Global regulatory frameworks are highlighting the central role of outcome-based, evidence-led supervision, where firms must demonstrate not only that controls exist but that they operate effectively, consistently, and at pace. In many jurisdictions, transparency is a central theme, with identity verification, beneficial ownership reforms, sanctions reporting expansion, and tax-related obligations embedding traceability into the core of the financial system. Sanctions regimes have become more assertive, more complex, and more geopolitical, with circumvention now a supervisory priority in its own right. Fraud, ML cyber-enabled crime, and sanctions evasion are increasingly interconnected, requiring integrated risk frameworks rather than siloed responses.
Technology sits at the centre of this evolution. The mainstreaming of AI, the acceleration of instant payments, and the mainstream regulation of digital assets are reshaping both the risk landscape and the expectations placed on firms. As a result, firms are expected to transform their own data, governance, and model-risk capabilities to keep pace. Outsourcing and reliance on sector-critical vendors now carry heightened scrutiny, reinforcing that accountability remains with firms regardless of external partnerships.

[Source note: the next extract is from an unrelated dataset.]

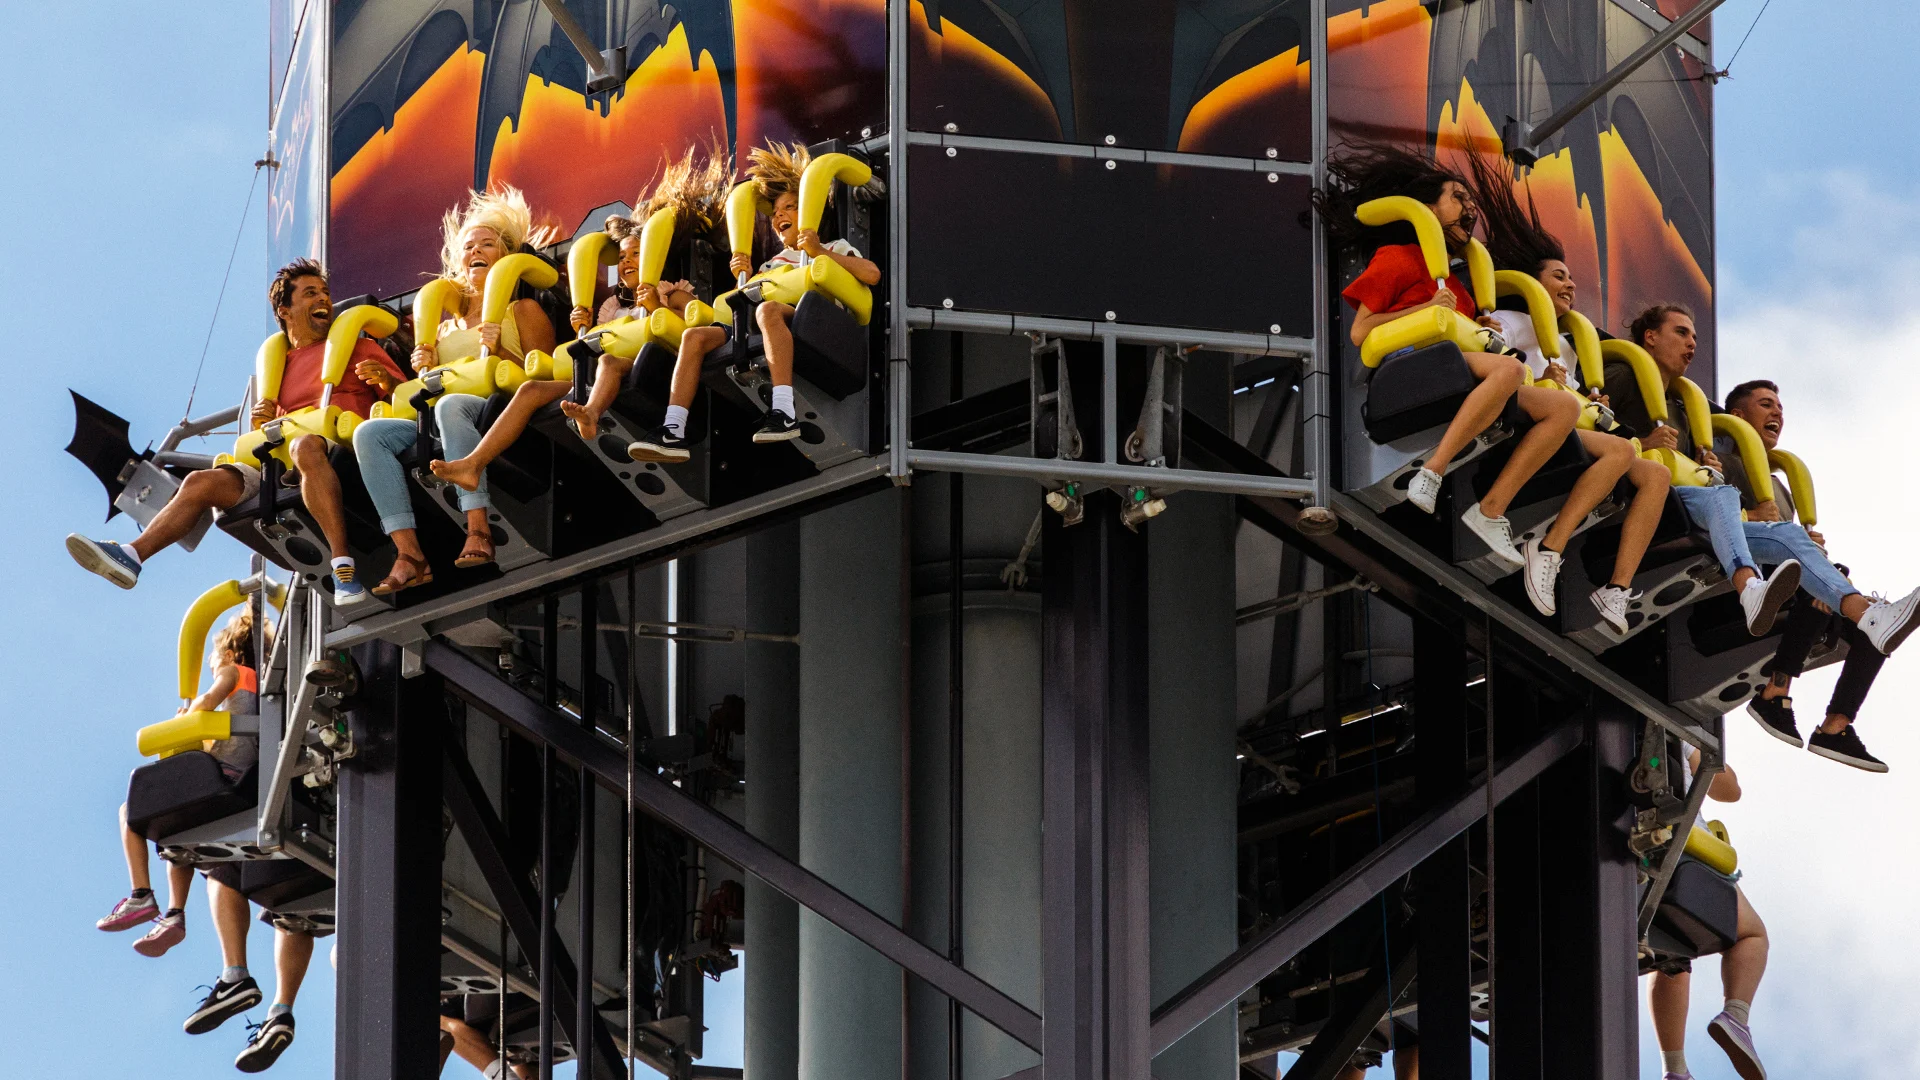 Riders experiencing the exhilarating descent on the BATWING Spaceshot ride at Warner Bros. Movie World, with a backdrop of blue sky and the thrill of free-fall excitement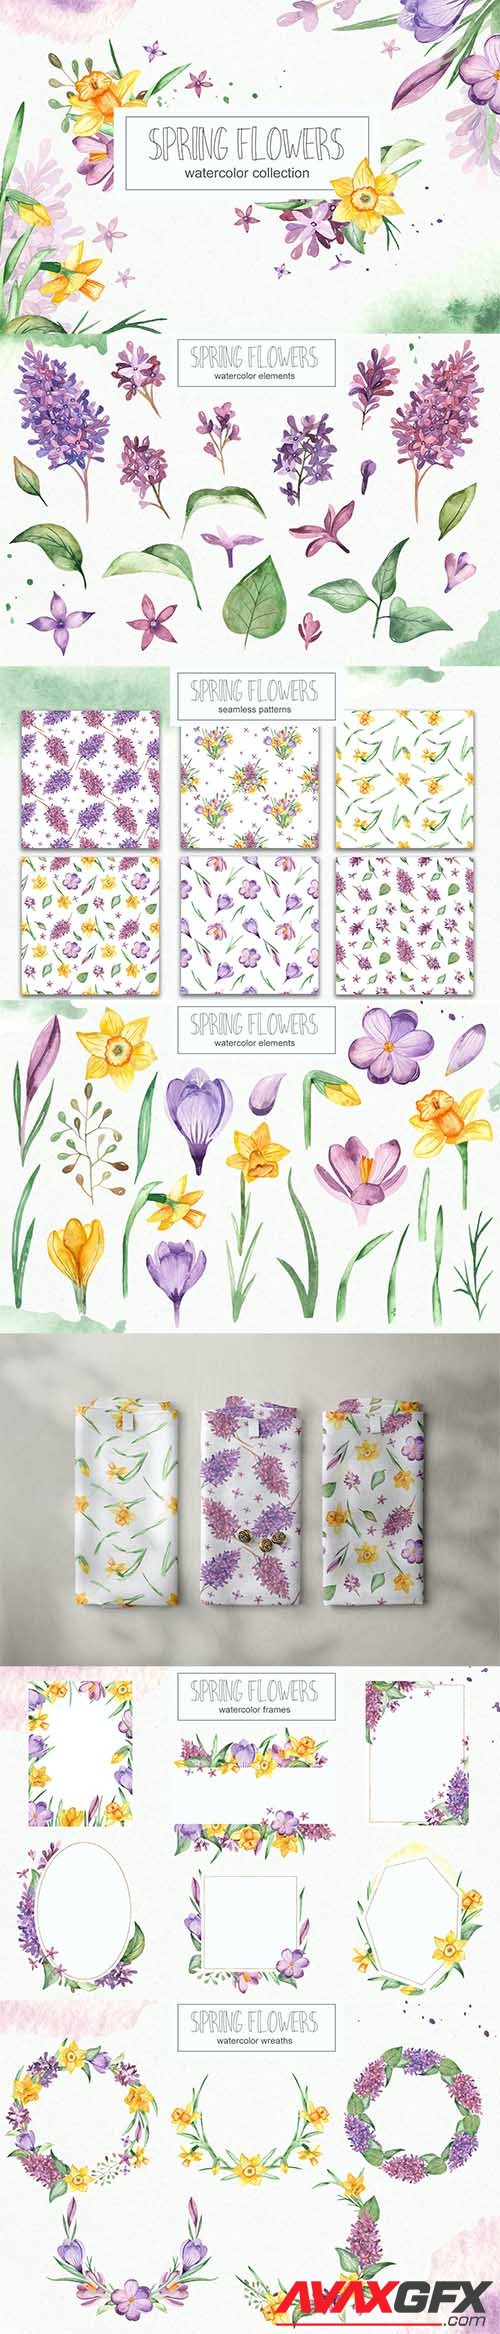 Watercolor spring flowers collection

These shifts demand a fundamental recalibration of operating models. Compliance functions must evolve from static, policy-driven frameworks to dynamic, data-driven, operationally resilient systems capable of detecting sophisticated threats in real time. Firms that continue to treat regulatory reform as a series of incremental adjustments will find themselves increasingly exposed to supervisory challenge, operational strain, and enforcement risk. These developments offer opportunities for a more coherent, harmonised, and intelligence-led approach to financial crime prevention at firm-level.
The organisations best prepared for 2026 and beyond will be those that build and maintain financial crime frameworks that are demonstrably robust, technologically adaptive, and strategically aligned to a regulatory environment defined by complexity, convergence, and speed.